If you grew up in West Virginia you have at some points in your childhood gone into the night and caught this small glowing creature. Quietly you wait until the glow of light gives away their location. Then you hurry toward that point and wait until they again turn on their light. Carefully you reach into air and capture the small glowing creature. While you are holding it closed in your hand it once again turns on the light. The light spills between your fingers and penetrates into your hand.

I have a story I told around a campfire many years ago about Mother Nature’s glowing lights in the night. I hope you will enjoy the legend of the Firefly.

A long time ago the Ohio Valley was home to the first true Americans. We know of their existence by the earthen mounds they left behind. These ancient mounds hold many secrets of those early people’s lives. We know of their pottery and basic tools they used in their daily lives. The study of their remains tells us they were not much different from us today.

These Native Americans lived in peace and harmony with the world around them. They most likely lived in a time when everything could be explained with few words. Still today we are unsure what happened to these people. Many ideas have been put forth over the years to try and explain their disappearance.

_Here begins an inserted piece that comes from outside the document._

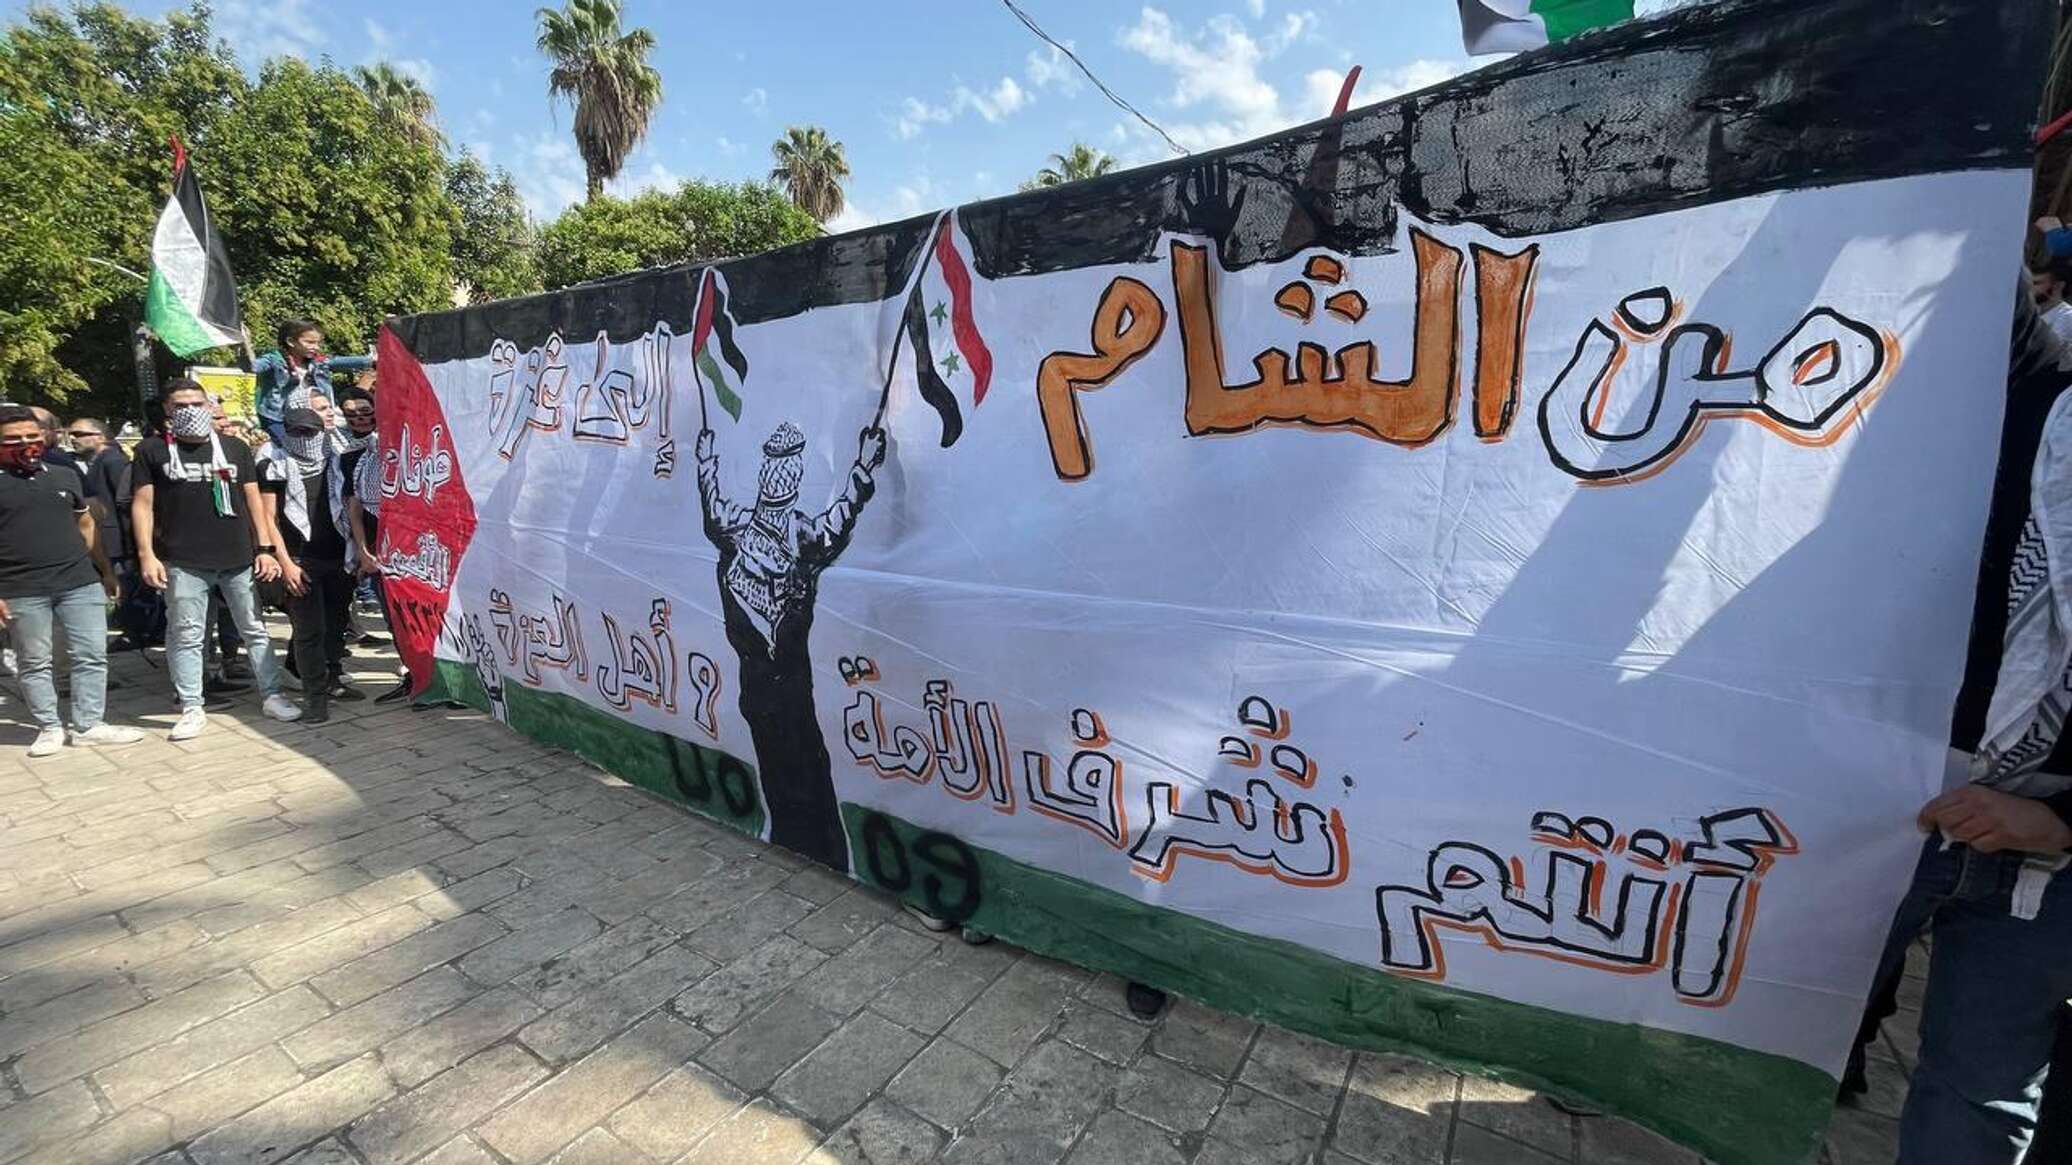 فلسطينيون وسوريون يطالبون بالمشاركة في معركة "طوفان الأقصى"

It had been a long winter for the people in their home near the waters of what we now call the Ohio River. The stores of grain and dried fish had run low due to the extended winter. The waters of the river had frozen deep and no fish or mussels could be harvested from the solid waters. Snows had come early and were deep in the woods that surround the valley. This made it difficult for the mound people to hunt for fresh game. Even the wood that heated their homes was buried deep in the snow and wet. This winter was difficult for the people of the village to survive the extreme conditions.

As the warm sun of spring started to melt the hard grip of winter the first child became sick with the dark fever. The parents tried to give the children as much food as possible to help the young get through until spring. The village’s stores of food had become covered in mold and infested with rodents. The children of the village had suffered through the long dark winter to succumb to sickness the village elders could not stop.

As the snow melted and the river began to flow once again, the children became incurably sick with fever. The sickness in the children lingered on until the Water Maple leaves filled the trees.

Then in late spring, one by one, the children that had fought so hard to survive the winter began losing the battle.

By the first days of summer the villagers had lost all the young children to the terrible illness. The villagers used reeds that grew along the river to make a burial shroud for each child. Then in a sacred place each of the children was laid to rest and covered with dirt to create a mound of earth higher than three men tall.

On the first night of the new moon the villagers sat around the mound and sang songs to mourn their loss. Three separate fires surrounded the earthen mound for the ceremony. As the singing stopped, so did the sounds of the night. The villagers became bewildered and afraid at the sudden changes in the night world.

From off the river a sudden gust of wind stirred the fading embers of the fire and the air over the mound became filled with floating embers. They did not fade into the night air, but started to move around the villagers. The creatures of the night that had been silent began to sing as the glowing embers moved up and away from the earthen mound surrounded by the villagers.

An elder stood up and reached for the glowing lights. As he did a small insect lit upon his hand and glowed brightly. He proclaimed to the people that their lost children had returned to light the night. Never again would the children of the village die from the dark fever. The man opened his hand and the glowing insect flew into the night sky.

The next time you hold a firefly in your hand, gently release him to patrol the night to protect the people in a place we call the Ohio Valley.

That is how I believe it happened long ago Thru The Lens.